What Are Agent Traces?
From OpenTelemetry's HTTP roots to LLM span DAGs — a complete history of distributed tracing and where gen-ai observability is heading.
What Are Agent Traces?
Before you can fix a multi-agent failure, you need to know what happened. Not at the system level — at the step level. Which tool call returned malformed JSON? Which sub-agent was handed a corrupted context? Which prompt crossed a token limit three hops into a five-hop chain?
That's what a trace is for. And understanding how traces work — where they came from, how they evolved, and where they're going — is the foundation for everything else in this wiki.
The Origin: Distributed Tracing in HTTP Systems
The idea of tracing a request across multiple services predates LLMs by roughly two decades.
In 2010, Google published Dapper, a paper describing how they tracked requests through their internal microservices. The core insight was simple: give every request a unique trace ID, propagate that ID through every downstream call, and collect structured timing data at each hop. You end up with a tree of spans that shows you exactly where time was spent and which service caused the bottleneck.
Dapper wasn't open-source. But it inspired two open-source projects that shaped the industry:
- Zipkin (2012, Twitter) — a distributed tracing system that implemented Dapper-style request tracking with a web UI
- Jaeger (2016, Uber) — a more scalable take on the same idea, eventually donated to the CNCF
Both systems shared the same conceptual model: a trace is a directed acyclic graph (DAG) of spans, each representing a unit of work. Spans have a start time, duration, status, and arbitrary key-value attributes. A span can have a parent span. The root span has no parent.

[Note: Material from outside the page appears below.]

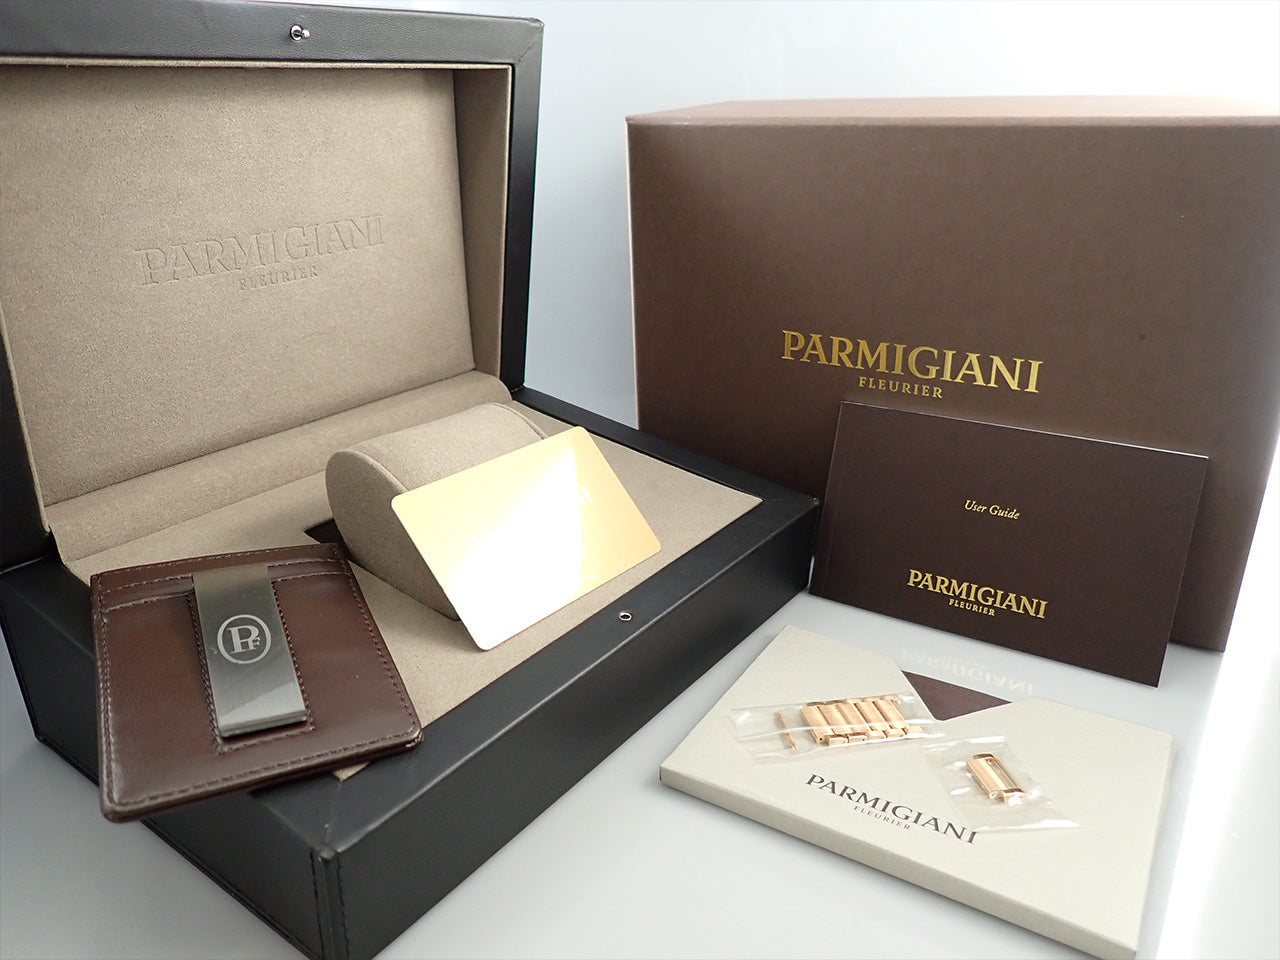 Parmigiani Fleurier Tonda PF Micro Rotor &lt;Warranty, Box, etc.&gt;

In 2019, the OpenTelemetry project merged the OpenTracing and OpenCensus standards into a single vendor-neutral instrumentation framework. Today, OpenTelemetry (OTEL) is the de facto standard for distributed tracing across the industry. If you're using Datadog, Honeycomb, New Relic, or Grafana Tempo, OTEL is almost certainly how your data gets in.
The Anatomy of a Span
A span is the atomic unit of observability. Here's what a minimal OTEL span looks like in JSON:
{
"traceId": "4bf92f3577b34da6a3ce929d0e0e4736",
"spanId": "00f067aa0ba902b7",
"parentSpanId": "00f067aa0ba902b6",
"operationName": "api.search",
"startTime": "2026-05-19T03:12:44.000Z",
"duration": 342,
"status": { "code": "OK" },
"attributes": {
"http.method": "GET",
"http.url": "https://api.example.com/search",
"http.status_code": 200,
"service.name": "search-service"
}
}
The parentSpanId is the link that turns a flat list of spans into a tree. Every span knows who called it. The root span has no parent. This parent-child relationship is the foundation of causal attribution — you can walk the tree from any leaf span back to the root, following the chain of what caused what.
The Evolution: From HTTP to LLM
For a decade, distributed tracing was almost entirely about HTTP services. The failure modes were predictable: slow database queries, network timeouts, misconfigured load balancers. Spans tracked latency and status codes.
Then large language models arrived in production systems, and the tracing model cracked.
The problem is that LLM calls aren't like HTTP calls. An HTTP call to a search API either returns results or it doesn't. An LLM call returns a token stream that might contain correct information, hallucinated information, a perfectly formatted response, or a response that ignores the instructions in the prompt. The "success" status code is meaningless. You need to understand the content, not just the timing.
The early LLM tracing tools emerged from the framework ecosystem:
- LangSmith (2023, LangChain) — first-party tracing for LangChain runs. Made it possible to view prompt inputs, model outputs, and tool call results for a LangChain agent run. Framework-specific: if you weren't using LangChain, you got nothing.
- Langfuse (2023, open-source) — framework-agnostic LLM observability. Introduced the concept of
generationspans (one per LLM call) andtraceas a first-class object with user/session metadata. Crucially, Langfuse introduced the idea of evaluation scores attached to spans — a precursor to attribution. - Helicone, Arize Phoenix, Braintrust — various tools that emerged in 2023-2024, each with a different take on what LLM observability should look like.
Each had its own schema. A LangSmith trace and a Langfuse trace described the same run in incompatible formats. The ecosystem fragmented.
The Convergence: OTEL Gen-AI Semantic Conventions
OpenTelemetry's answer was the gen-ai semantic conventions — a standard vocabulary for LLM-related spans. The goal: any compliant instrumentation library produces spans that any compliant backend can understand.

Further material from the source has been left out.